# Would you ever ask out a coworker?



## Batteryguy556 (Oct 27, 2021)

Is it weird to ask out a fellow team member? There's this adorable chick who works in fitting room that I'm interested in. Don't want to be a creep and definitely don't want to make it awkward. Is there ever an appropriate opportunity to do this?


----------



## Hardlinesmaster (Oct 27, 2021)

Not a good idea.


----------



## Planosss enraged (Oct 27, 2021)

But, also a common event.


----------



## Yetive (Oct 27, 2021)

Planosss reborn said:


> But, also a common event.


Dork, but funny.


----------



## can't touch this (Oct 27, 2021)

Seduce your HRBP instead and they’ll do freaky things to your bank account


----------



## NotCynicalYet (Oct 27, 2021)

Good luck lol. An "appropriate opportunity" is not really a thing unless you happen to be arriving/leaving at the same time or already have each other's contact info. Like, are you going to wait for her to go on break and ambush her? You might just want do it when you're passing by and making small talk. Do you already make small talk with this person? Do you have her #? This is one I'd like to be fly on the wall for...


----------



## Planosss enraged (Oct 27, 2021)

can't touch this said:


> Seduce your HRBP instead and they’ll do freaky things to your bank account


Can they really embezzle money into your account?


----------



## Fluttervale (Oct 27, 2021)

If you do and she says no, don’t ask a second time.

But generally speaking, if you have to ask on a public forum, you probably shouldn’t.


----------



## TheClopen (Oct 27, 2021)

Batteryguy556 said:


> Is it weird to ask out a fellow team member? There's this adorable chick who works in fitting room that I'm interested in. Don't want to be a creep and definitely don't want to make it awkward. Is there ever an appropriate opportunity to do this?


Don't do it.


----------



## lucidtm (Oct 28, 2021)

There is an old saying "you don't shit where you eat." Recipe for disaster. Etc.


----------



## Xanatos (Oct 28, 2021)

Planosss reborn said:


> Can they really embezzle money into your account?


Common event.


----------



## GRC (Oct 28, 2021)

Do you talk regularly at work/on break? Does she seem to have any sort of interest in you?
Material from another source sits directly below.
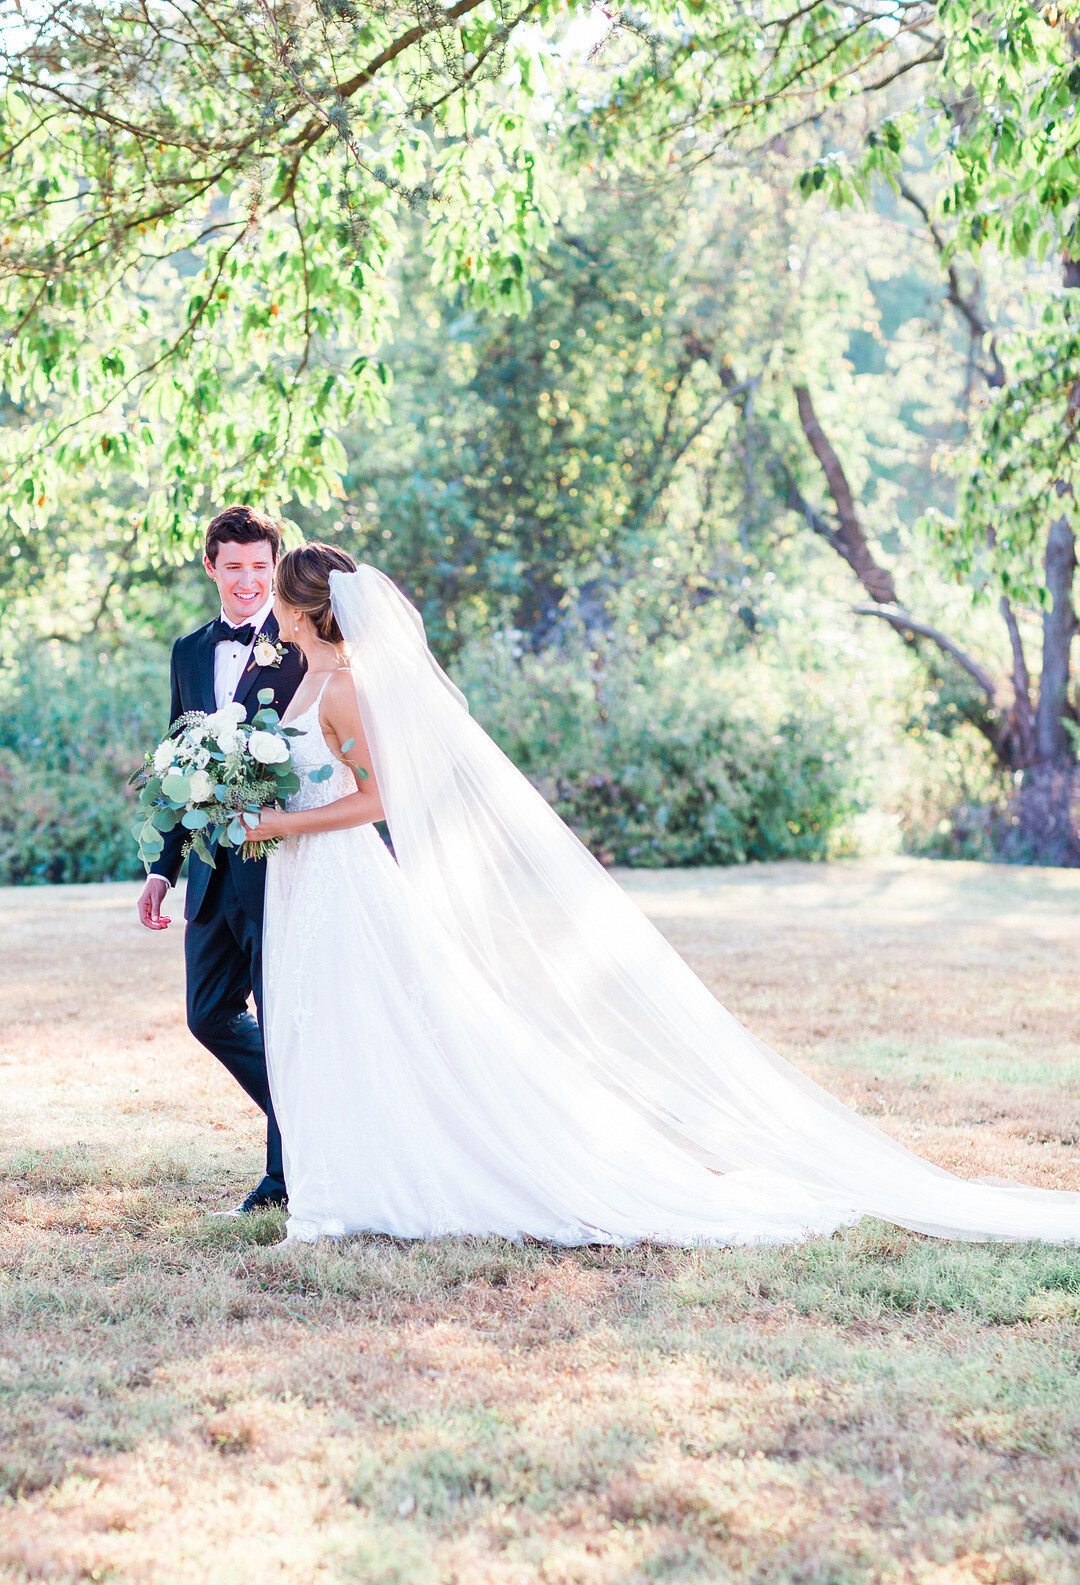 Abby and Ryan's Eco-Friendly Estate Wedding in Chadds Ford, Pennsylvania

If the answer to either of these is no, then yes it'd be awkward and possibly creepy.


----------



## buliSBI (Oct 28, 2021)

No.  I have seen many Target relationships go into ruin.


----------



## Planosss enraged (Oct 28, 2021)

Xanatos said:


> Common event.


Touche’


----------



## Ashfromoldsite (Oct 28, 2021)

Hardlinesmaster said:


> Not a good idea.


I married one. Lmao


----------



## IWishIKnew (Oct 28, 2021)

I married a coworker, too (not Target). It did get a little awkward when they laid him off and not me, but other than that it was fine, and is actually pretty common.

If you don't work directly together and aren't likely to, go for it. Ask to go for a drink, coffee, whatever. If she says no, say ok and move on. If it works out, lay off the PDAs and...other stuff...while in the store.

If either of you have leadership aspirations, then I'd tread very carefully, though.


----------



## FlowTeamChick (Oct 28, 2021)

I've never, ever mixed business and personal relationships beyond casual friendship. When I've seen it happen, at Target and other jobs, it has generally not turned out well. Not saying it couldn't turn out well, but I haven't seen it - just varying degrees of bad.


----------



## happygoth (Oct 28, 2021)

I met my husband at my previous job. Lots of long-term relationships including other marriages were forged there.


----------



## dannyy315 (Oct 31, 2021)

It's such a risky thing to do. If it doesn't work out, you have to continue working with them.
That's awkward.


----------



## NKG (Oct 31, 2021)

I'd say go for it. You'd only be a creep IF she says no and you don't leave her alone


----------



## KarmaToBurn (Oct 31, 2021)

Asked, no. Been asked yes, was a little fling. A long time ago and neither of us stayed with that company long, but honestly if all you have time for is work and school you don't have a lot options. So what the hell, it'll be good or it won't...


----------



## Batteryguy556 (Nov 4, 2021)

I have made the decision to just go to another Target and ask out all the women there

mfw


----------



## Bonzo (Nov 11, 2021)

Dude, if you're college age or younger, you're gonna meet your next 2-4 girlfriends at Target!!  Two of my best friends met/dated in the Electronics Department at Target 12 years ago, got married 6 years ago, and have a 2 year old son now!!


----------



## Batteryguy556 (Nov 14, 2021)

Bonzo said:


> Dude, if you're college age or younger, you're gonna meet your next 2-4 girlfriends at Target!!  Two of my best friends met/dated in the Electronics Department at Target 12 years ago, got married 6 years ago, and have a 2 year old son now!!


shieeeeeeeeeeeet
time for me to start moving, all the seasonal high school and college girls started working


----------



## UboatOfDeath (Nov 15, 2021)

I always got dumped


----------